Canadian mathematician John Fields [1863–1932] created the prize with the money left over after the international congress of mathematicians in Toronto, in 1924. His goal was to encourage young mathematicians. But he didn’t say more than that. At the 1936 congress the first committee for awarding the medal was created, which interpreted the term “young” as someone up to 40 years old. The committees that followed maintained this tradition, but it was not written. Even after the IMU wrote this rule in explicitly, tension still existed. In the 1990s, the rule came close to being broken. In 1993, the British mathematician Andrew Wiles discovered the proof for the greatest unsolved theorem, the Fermat problem, which had been unsolved for more than 300 years. The issue was that he would be 41 at the following IMU congress in 1994 when the next medal could be given. If there was ever a time to break the age-40 rule, that was it. But what happened? A few months before the congress, they discovered a hole in his proof of the theorem. Wiles gave a presentation at the congress, but the proof was not yet complete. It took him another year to finally solve the problem, but by then he was 42. At the next congress in 1998, he would be 45 years old, and that was just too late. I think that since then, the age-40 limit has become a rule written in stone—and healthier for it. After the age of 40, you no longer have to keep thinking about the prize because you really can’t win it.

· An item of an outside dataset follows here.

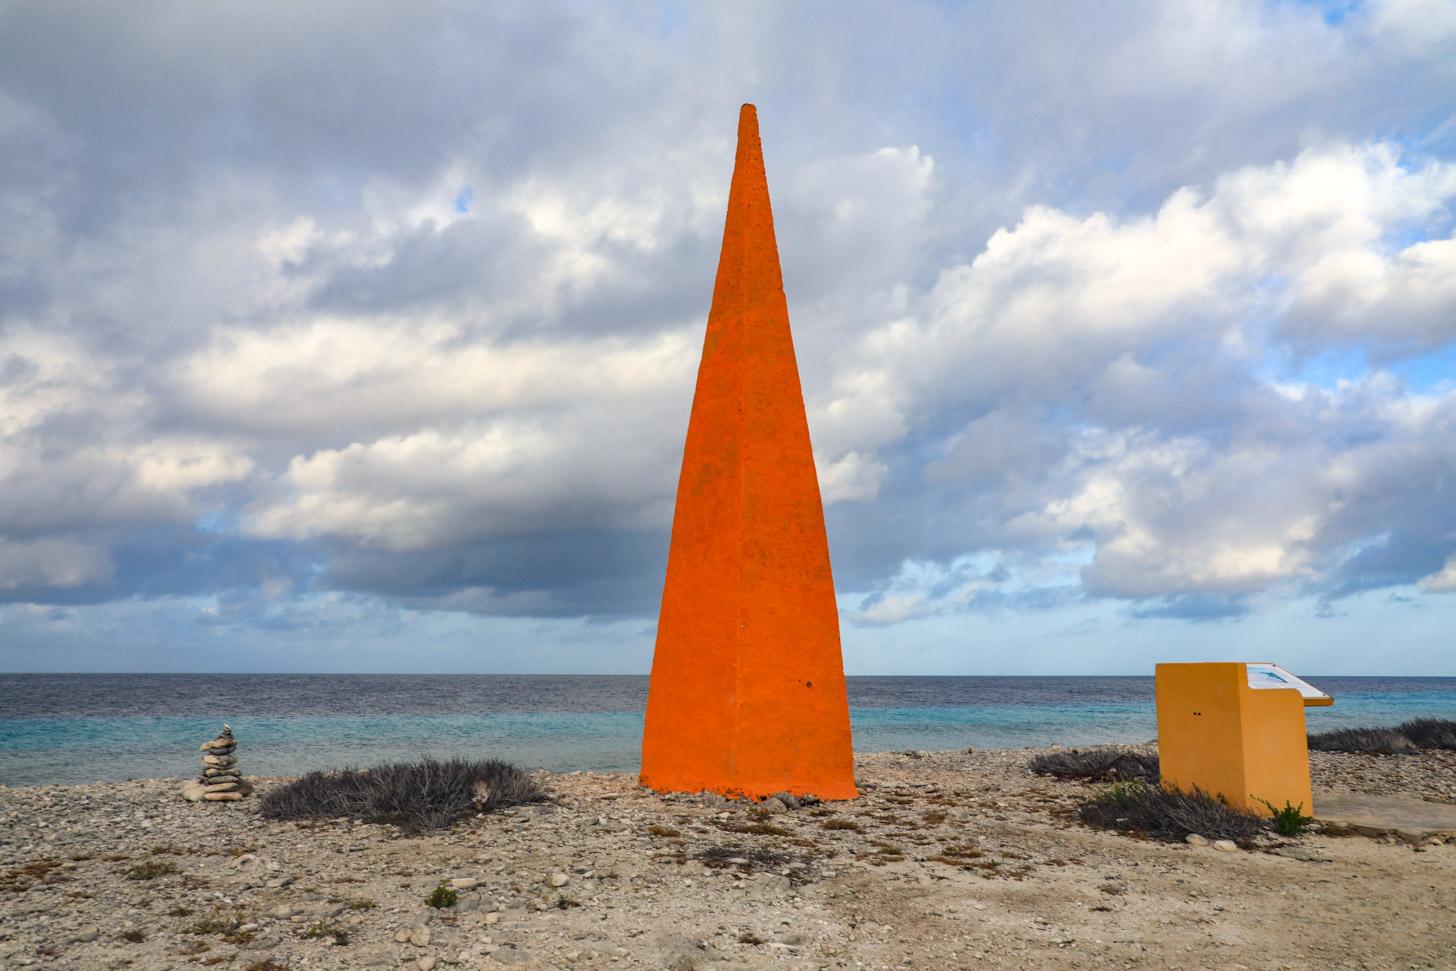 De oranje obelisk bij oranje pan
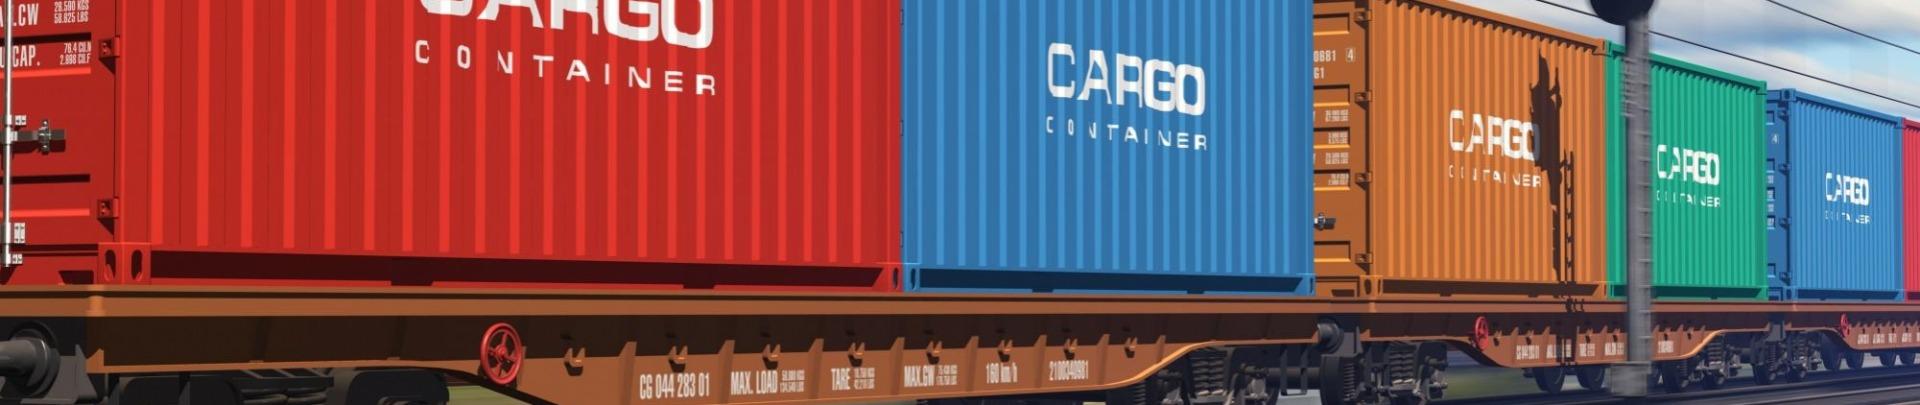 Goederentrein Wagons met de tekst cargo

Do we have Brazilian candidates for the Fields Medal this year?
I believe so. Ethically, I wouldn’t want to mention a specific name, it creates enormous pressure and expectation. I would say there are ten significant candidates worldwide. After the death last year of Iranian mathematician Maryam Mirzakhani, who, in 2014, was the first woman to win the Fields medal, it’s possible that the committee will give the prize to another female mathematician.

“I would say that there are ten significant candidates worldwide, including Brazil, who could win this year’s Fields Medal”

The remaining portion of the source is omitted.